JILL COLVIN, WHITE HOUSE REPORTER, "ASSOCIATED PRESS":  Well, clearly, I mean, this all comes down to testing. That`s what she`s raising. It`s what business experts have told the president in phone calls. It`s what congressional leaders have continued to tell him.

And I think what you saw with the president`s briefing today that`s still ongoing is a recognition by this administration that testing really is the key.

Up until now, we have heard the president insist, oh, testing in the U.S. is better than any other country, we`re doing fabulously, which, of course, is not the reality. And, today, you had the medical experts still standing up there kind of laying out a scenario, getting us to what they described as the phase one opening for testings, but not making clear what happens after that.

They still don`t really have an answer here.

MELBER:  From your reporting, is -- from your reporting, Jill, where is the president`s mind state on these briefings?

COLVIN:  I mean, the president believes that these briefings are his best way to be out there every day. He can`t do rallies anymore. He can`t be out there on the stage surrounded by his supporters.

And so the best alternative he has is to be out there on the stage for a couple of hours every day speaking directly to the American people, making appeals to conservative media, and doing that unfiltered through the press.

You have got a situation here where this is a president who is very sensitive about how the media is portraying his handling of all of this. He`s been very angry about the stories suggesting that he didn`t act quickly enough.

And so he`s been out there every day trying to push back on that narrative.

MELBER:  Understood, and important context.

I want to thank Jill and Michael for your reporting and analysis, standing by through a very busy time.

And my thanks again to Speaker Pelosi.

We are about to head into "ALL IN WITH CHRIS HAYES" on MSNBC.

I`m Ari Melber. I have been anchoring with you.

I hope you have a good and pleasant weekend within the tough times we`re all living through.

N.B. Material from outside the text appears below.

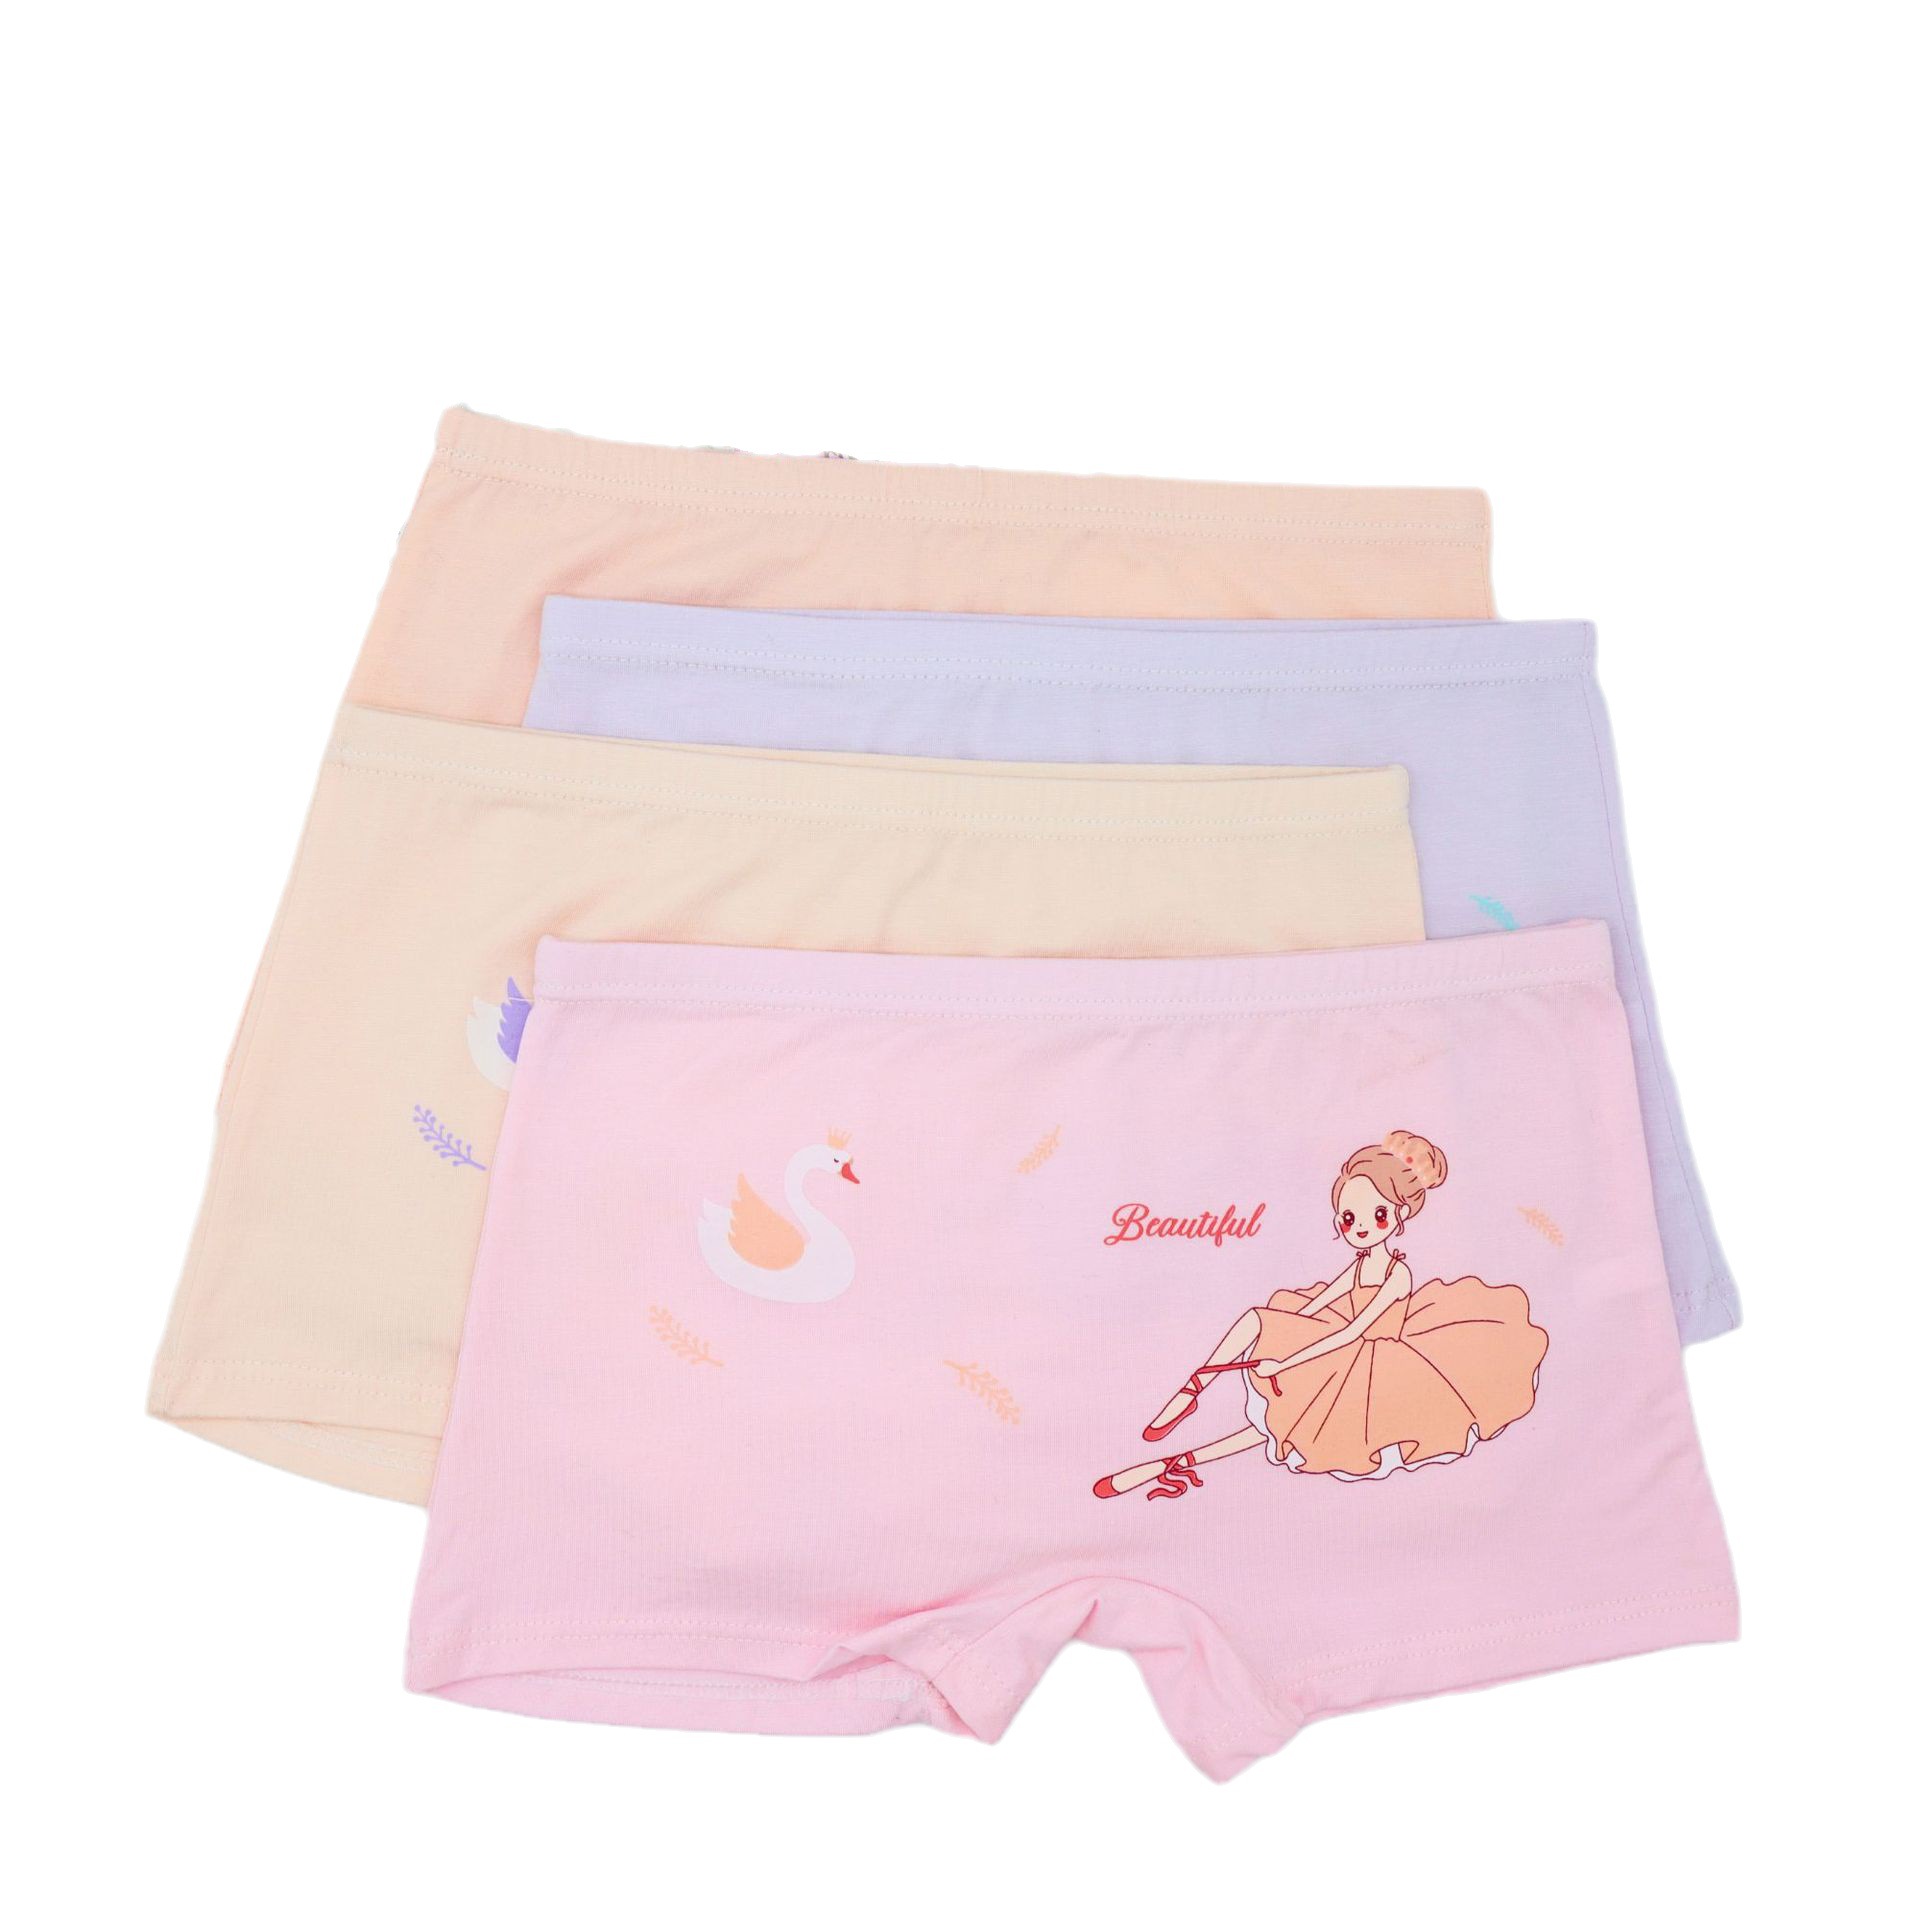 New children's printed RC cotton soft and comfortable without clamping PP wholesale stock boxer briefs
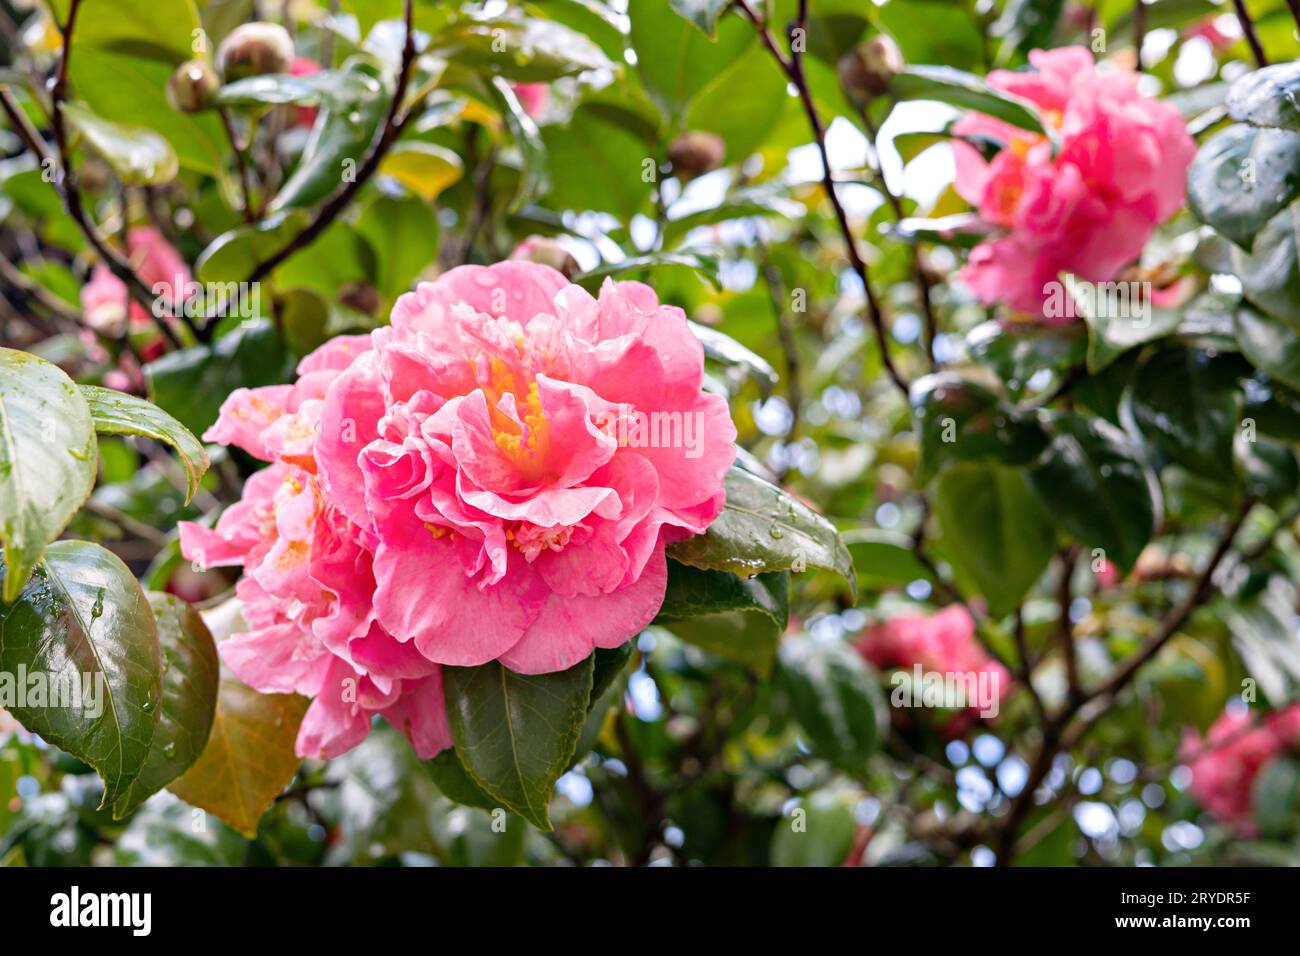 Pink camellia flower on tree with dew drops. WinterÂ´s rose Stock Photo

And before we go to "ALL IN," we will take one more look at this White House press conference.

TRUMP:  ... 25 seats.

And I can`t -- I said, yes, but you`re not going to be there forever. And he didn`t really know that. He thought that they were going to take 150 seats, move it down to 25 to 50 seats, depending on the way he laid it out.

I said, don`t worry about it. Eventually, you`re going to be back to the scene that you used to have, which was -- look, I could tell you about -- and I`m not going to do it, because I didn`t even want to bring it up, but I could tell you about events that took place.

And I said things like, you will never do that again, or you will never do this again, or -- I don`t even want to mention the events. I don`t want to mention what you`re supposed to be doing, because -- and, you know, one of them was so horrible.

I said, a certain industry will be out of business, never happen again. Two weeks later, it was like nothing ever happened.

Hopefully, we get rid of this. We have tremendous talent up here and all over, including governors, including local governments, state governments.

I look forward to the time, to me, when we can really normalize.

But normalizing is being back to where we were.

Yes, please go ahead.

QUESTION:  Mr. President, some of your allies are calling for China to be stripped as host of the 2022 -- 2022 Olympics.

I`m wondering what you make of that. Is that something that you would consider, or...

TRUMP:  So, I just made a deal with China, where they`re going to put in $250 billion of product.

They`re going to be -- they`re going to be buying 250, 50 -- from $40 billion to $50 billion in farm.

I want to see what`s happening with China. I want to see how they`re doing on it. Are they fulfilling the deal, the transaction? We have a lot of discussions going on.